– А в аэропорту во Франкфурте вас встретят наши люди из миссии по репатриации. Мы известим их. Они же устроят вас на парижский поезд».
Я не раскаялся в том, что принял их совет. На другой день «дуглас» за полтора-два часа доставил меня во Франкфурт. Там я был радушно встречен капитаном Завьяловым. Вечером он проводил меня на вокзал, а днем 16-го скорый поезд Франкфурт – Париж прибыл на запущенный Восточный вокзал французской столицы.
На этот раз я не искал встречи с А. Е. Богомоловым, не желая вторично отрывать его от дел. А оказавшееся у меня свободное время во второй половине 16-го и в первой половине 17-го посвятил Парижу: поколесил по городу на такси, походил пешком, даже наспех забежал в Луврский музей.
17-го я получил в посольстве пачку американских проездных документов и через час был в Орли. Самолет, в котором я после выполнения всех формальностей занял место, был большой и комфортабельный. Первую посадку он совершил в аэропорту Санту-Мария на Азорах, где нам пришлось заночевать. Из-за отсутствия запасного экипажа машина должна была отправиться дальше с тем же экипажем, которому давалось на отдых 12 часов.
Посадка в самолет для дальнейшего полета состоялась вскоре после второго завтрака.

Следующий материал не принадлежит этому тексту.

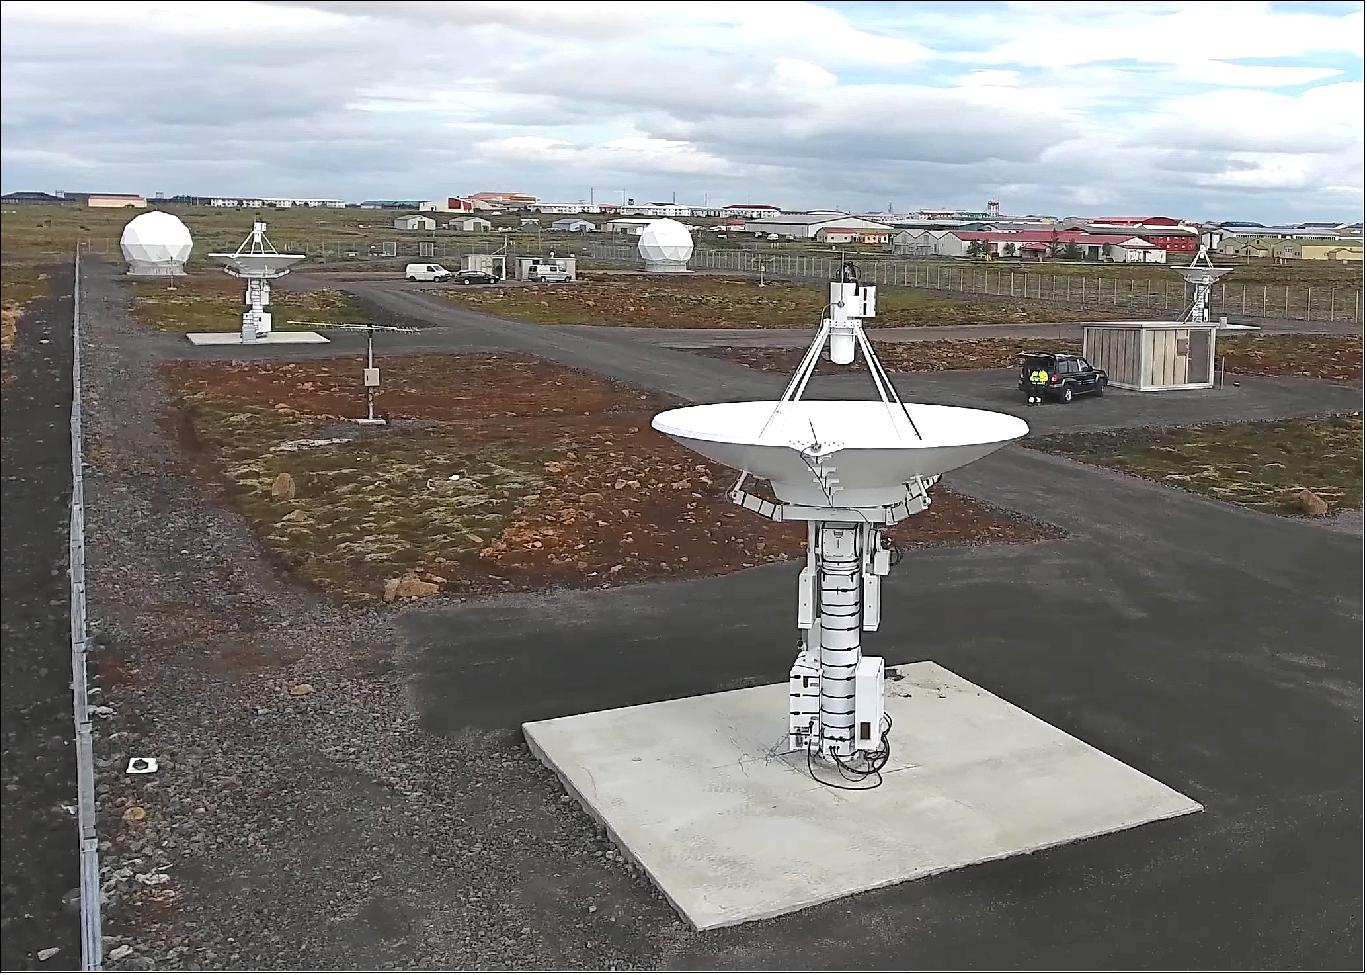 Figure 26: A 4.5 m diameter ground station antenna at Keflavik, Iceland (image credit: Planet Labs)
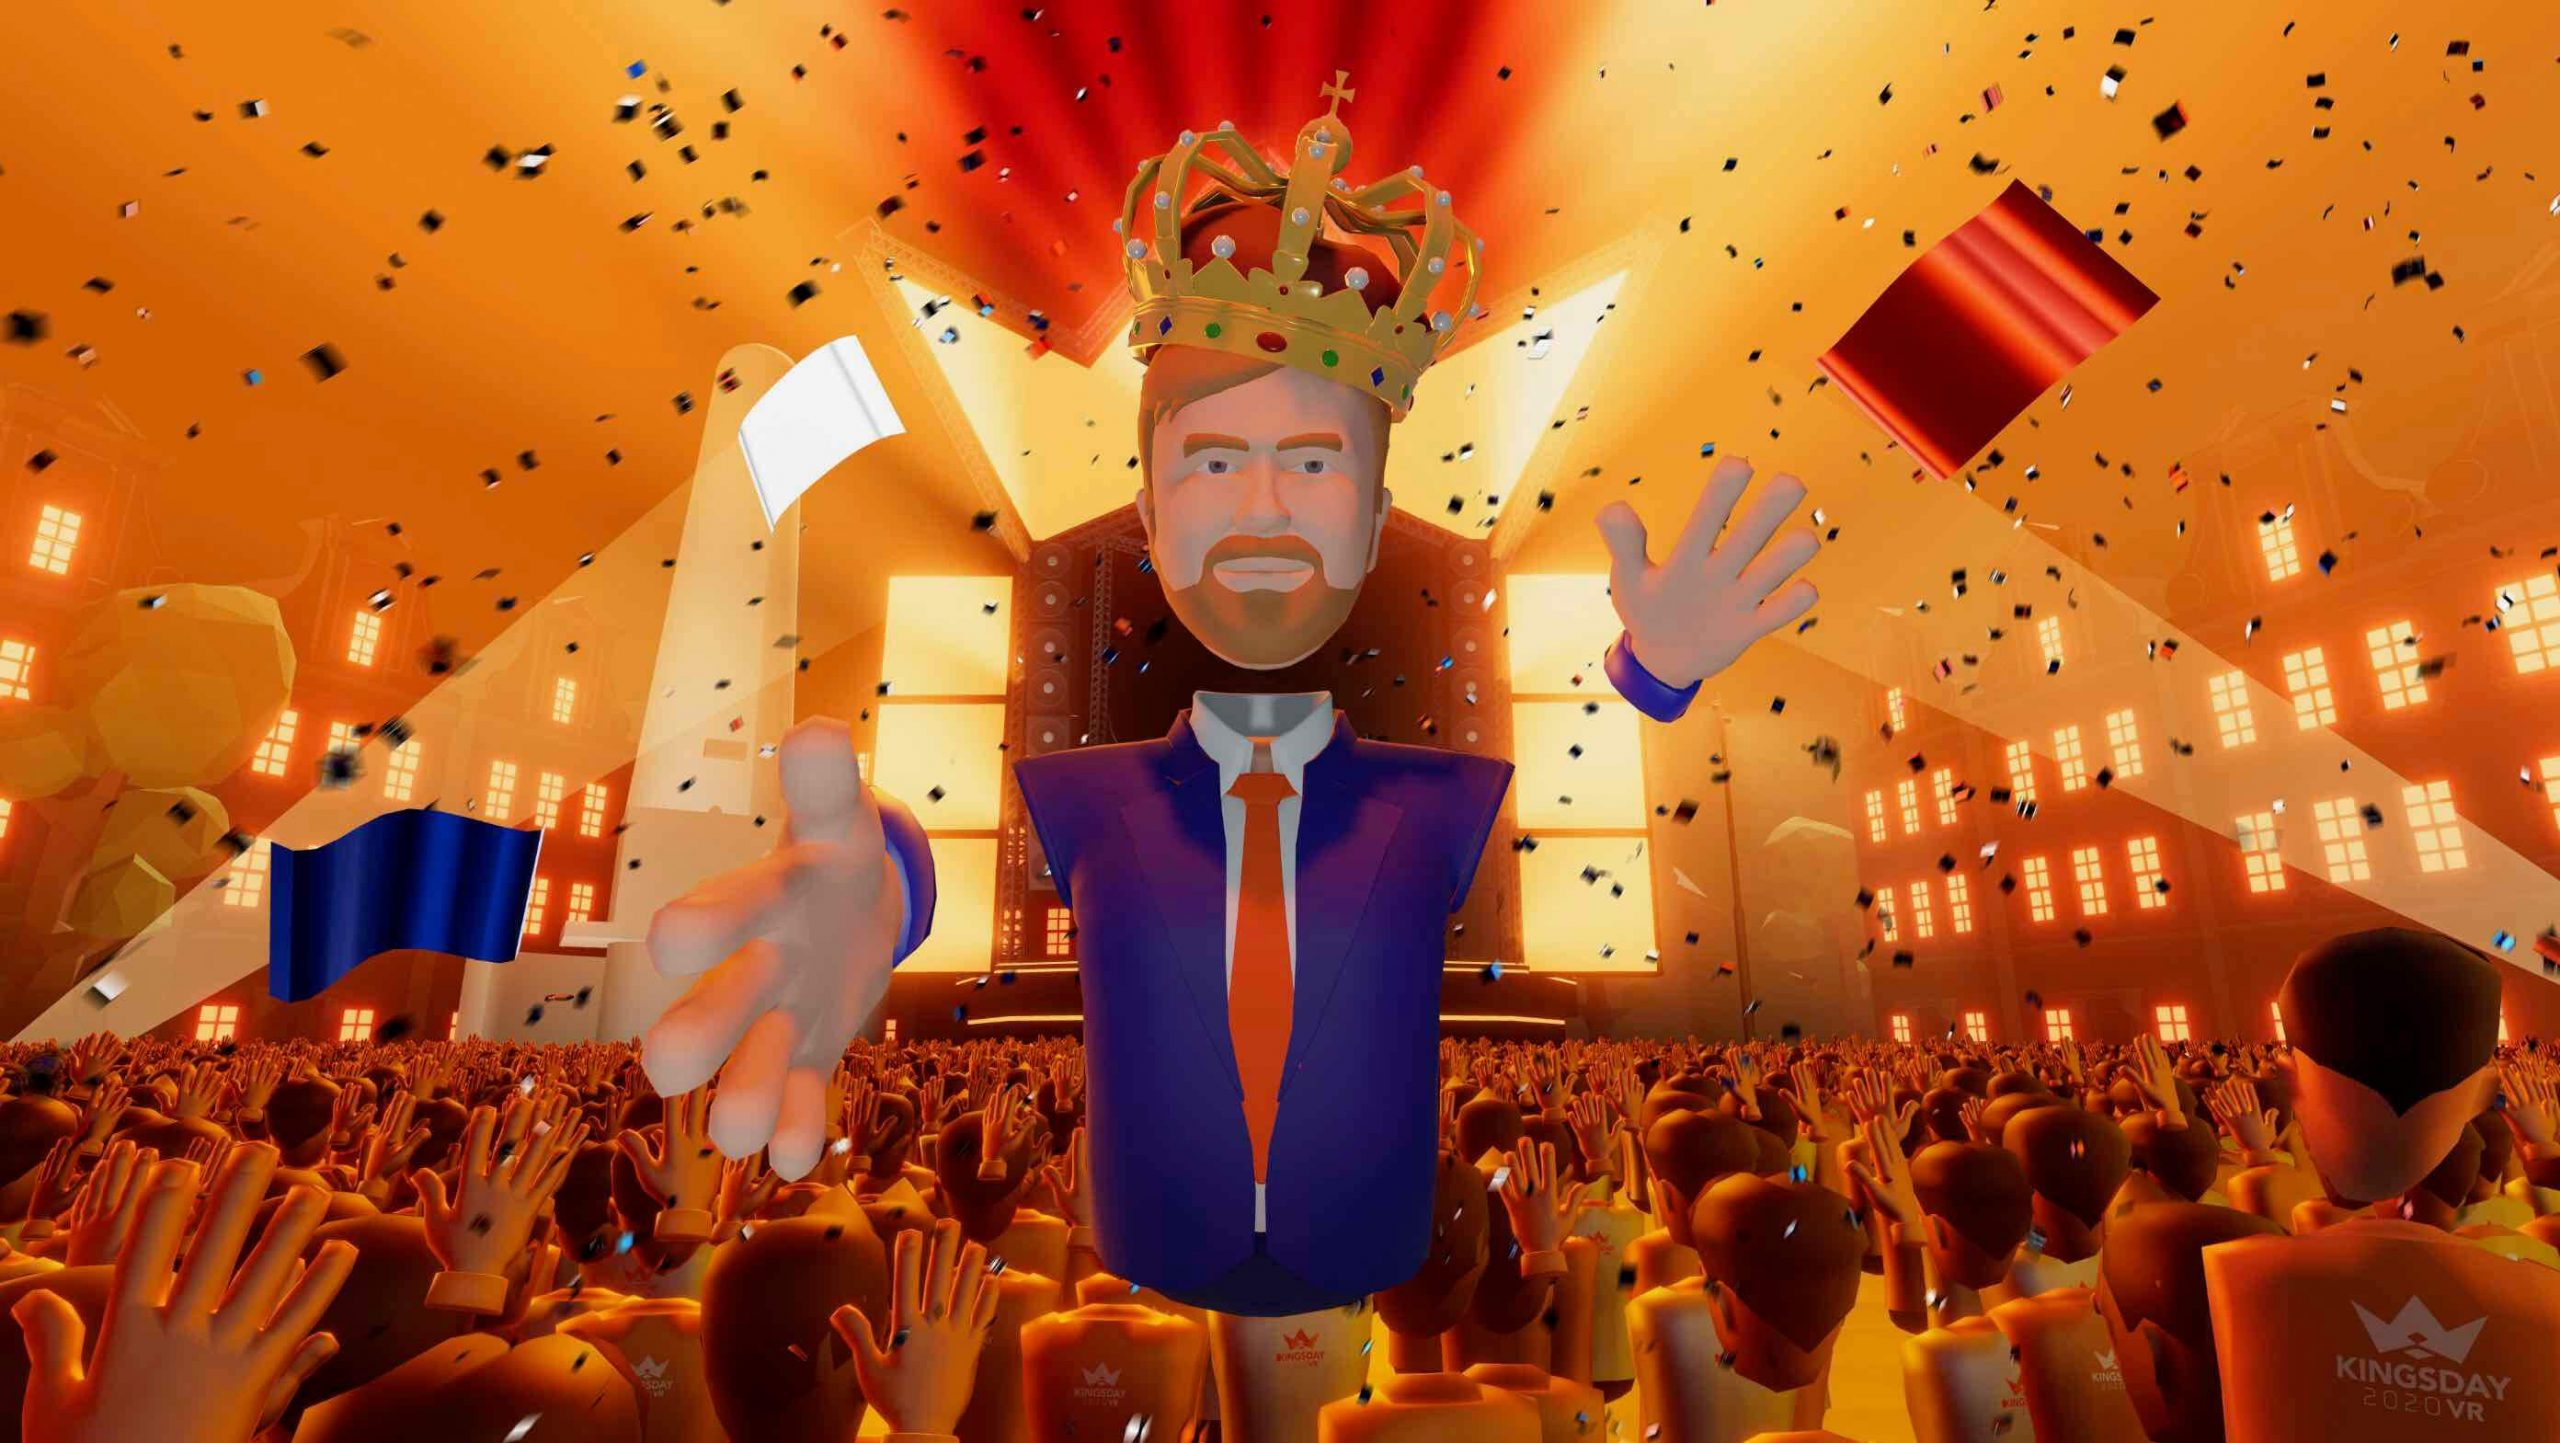 Koningsdag in virtual reality- Een festival voor het goede doel

После одиннадцатичасового перелета наш самолет приземлился на острове Сент-Дейвидс, одном из островов Бермудского архипелага. Здесь, как и на Санту-Марии, запасного экипажа не было, что означало для пассажиров ночевку в огромном полупустом зале ожидания на голых скамейках. Стартовал наш самолет только в семь часов вечера. В ожидании близкого финиша в Нью-Йорке я решил вздремнуть в откинутом кресле. Разбудило меня чье-то легкое прикосновение к моему плечу. Стоявший рядом бортмеханик молча указал мне на светящееся сигнальное табло, призывавшее пассажиров пристегнуть ремни и не курить. Значит, идем на посадку.
– Нью-Йорк? – обрадованно спросил я. Он отрицательно помотал головой.
– Нет, Спрингфилд. Ла-Гуардия не принимает.
Спрингфилд… Только этого еще недоставало! В январе меня по пути с Азоров вместо Парижа завезли на сутки в Марсель, теперь опять черт знает куда. От Спрингфилда, что в штате Массачусетс, до Нью-Йорка еще добрых 200 километров. И раз аэропорт Ла-Гуардия не принимает, то добираться туда надо поездом.
Оставшаяся часть пути прошла так. Часа через три с половиной, в середине ночи, я прибыл в Нью-Йорк. На Центральном вокзале меня взял под свою опеку секретарь генконсульства Федосеев, отвезший в забронированный для меня номер гостиницы, где я промаялся в полусне последние часы ночи. В Вашингтон я выехал 20 февраля ранним экспрессом и уже в полдень был встречен на перроне вашингтонского вокзала женой и обоими мальчиками.
Этим приятным финалом и завершилась моя более чем месячная командировка в Москву.
* * *
По возвращении в Вашингтон я сразу же ощутил большую перемену в политическом климате, наметившуюся в Соединенных Штатах еще в январе 1946 года. В феврале там уже вовсю бушевала новая антисоветская истерия, по своей накаленности превосходившая осеннюю.
В Москве я, разумеется, кое-что знал о ней по сообщениям ТАСС, но в Вашингтоне ее истинный характер и масштабы выявились гораздо рельефнее. Эта кампания более, чем все другие антисоветские кампании послевоенного периода, была, судя по всему, хорошо продумана и проводилась систематически, с дальним прицелом.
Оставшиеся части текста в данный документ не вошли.